I crate trained Dresden from day one, and he's always been great with it, always gone in without fuss, sleeps happily at night in it, never a problem. 

But I got it mainly as a toilet training aid, intending to wean him off it once toilet training was solid.
Dresden is 22 weeks old now, and been clean/dry in the house since about 13-14 weeks. He now trots to the door to be let out for toilet, and Im confident he's completely cracked toilet training.

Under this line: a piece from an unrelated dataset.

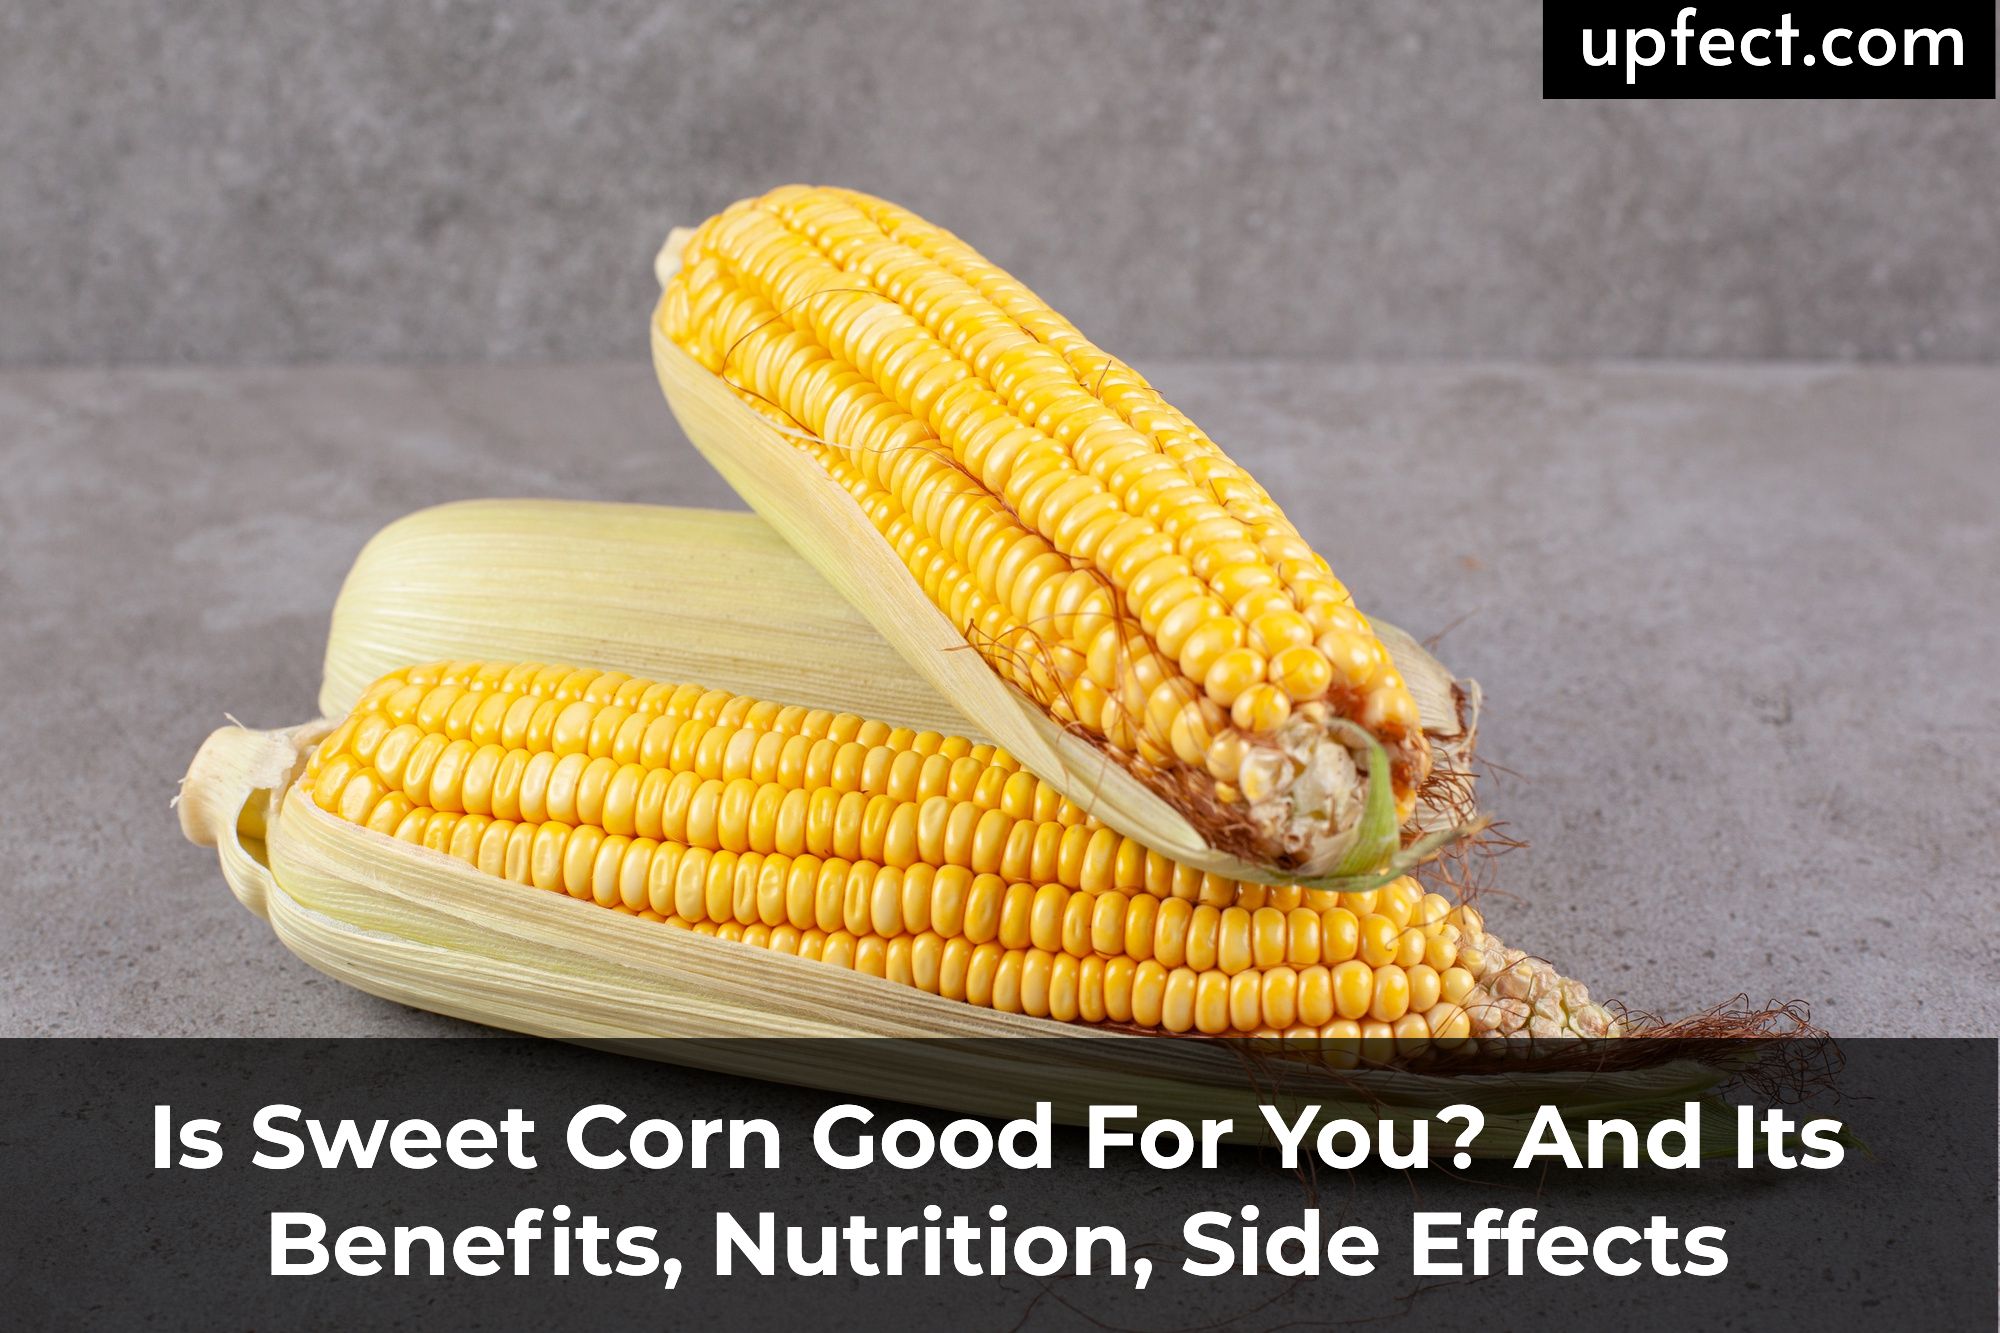 Is Sweet Corn Good For You? And Its Benefits, Nutrition, Side Effects

So I'd like to try and phase out the crate (I'd also like that corner of my living room back, as a huge crate is rather unsightly and that room isn't the biggest to begin with!) 
First, is it too early to do that? Do I risk setting him back again and un-doing my good work?
Secondly, how do I get him to realise he can sleep in places OTHER than his crate. He's always slept in his crate since I've had him, only for the first few days did he sleep in the room outside of it.
But it seems now that he doesn't realise he can sleep without his crate. When we take him to my parents of an evening, where there is no crate, he literally will NOT settle down or sleep, even though he is clearly tired. Its just that he isn't used to sleeping anywhere but the crate now, regardless of how many other places he is welcome to sleep. 

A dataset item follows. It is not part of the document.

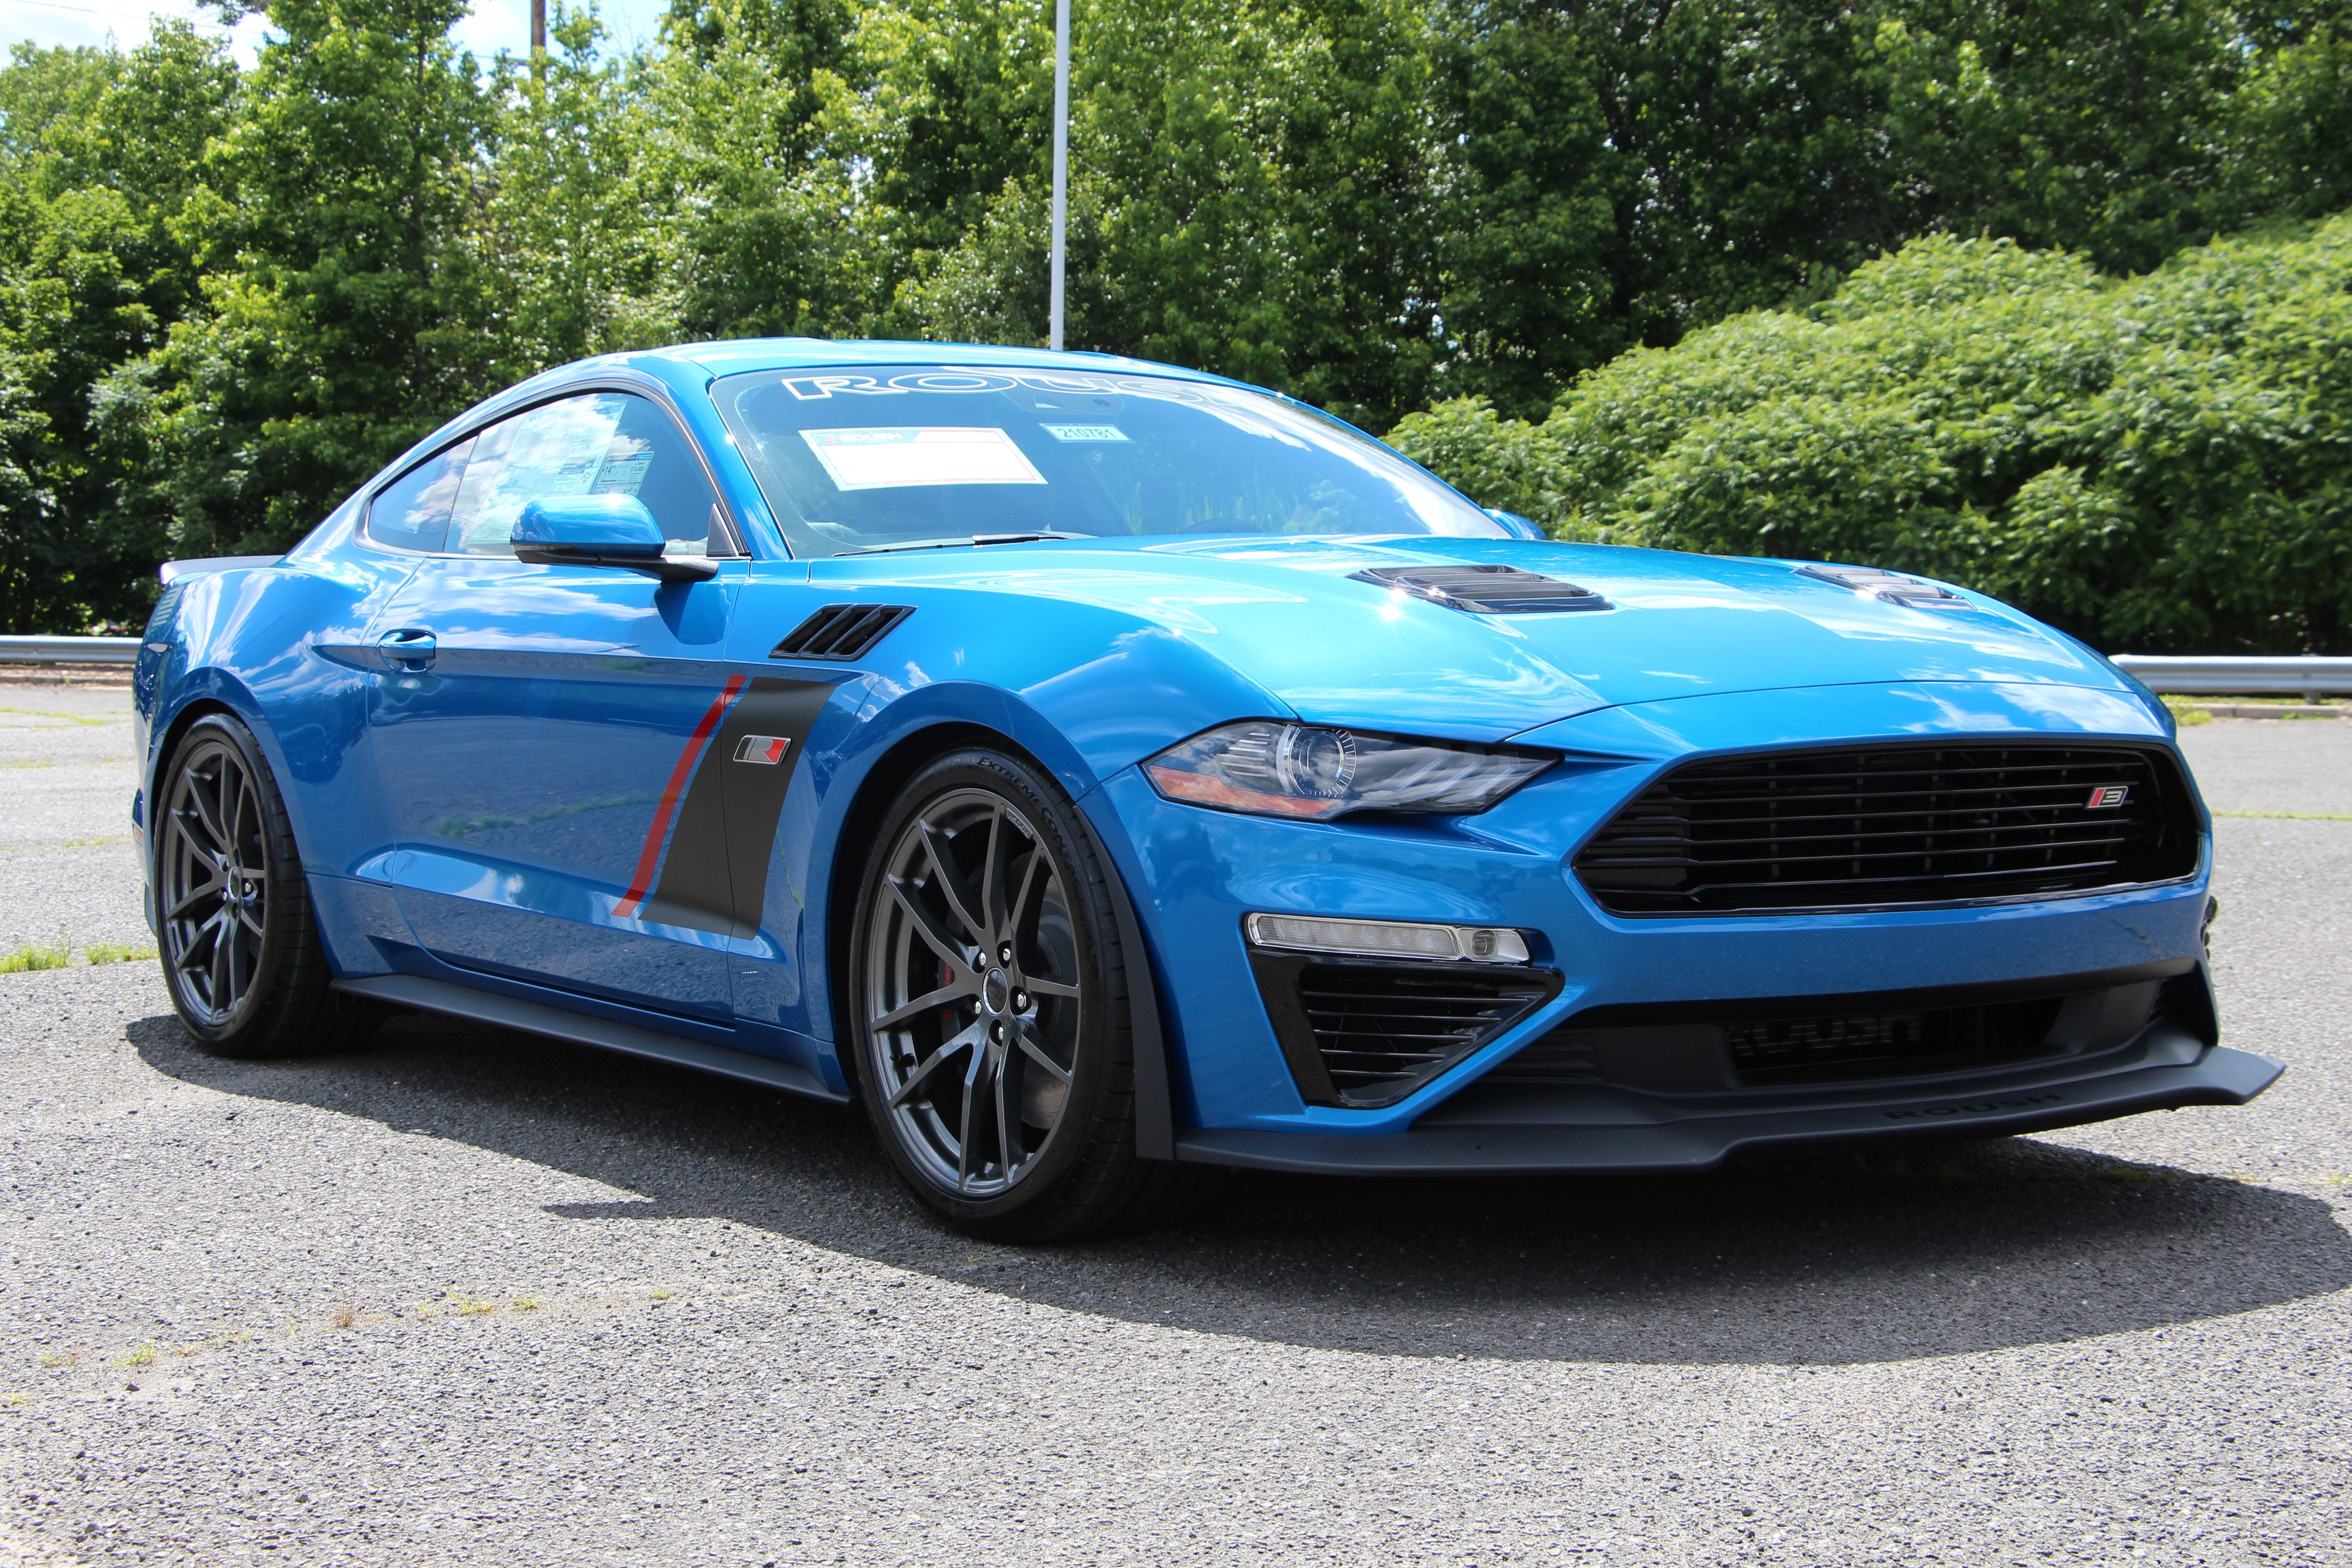 ROUSH Mustang Blue at All American Ford of Hackensack in Hackensack NJ

He has a nice bed in our living room, and we've been trying to clicker train him to lay on it, but he never seems to be able to settle down without his crate, he'll just push and push and keep himself awake. Then when you do put him in the crate, he'll drop and go straight to sleep like he is exhausted. 

Any tips for how to get Dres to sleep through the night (minus toilet breaks of course) somewhere other than his crate? I'd like him to sleep beside my bed ideally, but at the moment I know that if I took him up with me, he wouldn't settle without the crate!


----------



## fifemute (May 30, 2012)

Do you leave the crate door open ?
We have Mieko's crate still in the hall but he is hardly ever in it, apart from when he gets a messy treat. He was toilet trained in about 10 day's from when we got him at 8 weeks. He got us up at 2.30am and 5.30am (ish) for a few nights for the toilet and found out he preferred to sleep on the kitchen floor when he came back in, so we now leave the crate door open and now sleeps right through until 7/8am.


----------



## Twiggy (Jun 24, 2010)

I personally continue to use the crate at nights for my pups until they are over the second (and worse) chewing stage which is usually around 9 - 14 months.

Have you got a dog bed as a replacement for the crate? If so you could put a thin fleece blanket on top of your pup's bedding in the crate and then try putting it on top of the dog bed instead and he may well settle on it.


----------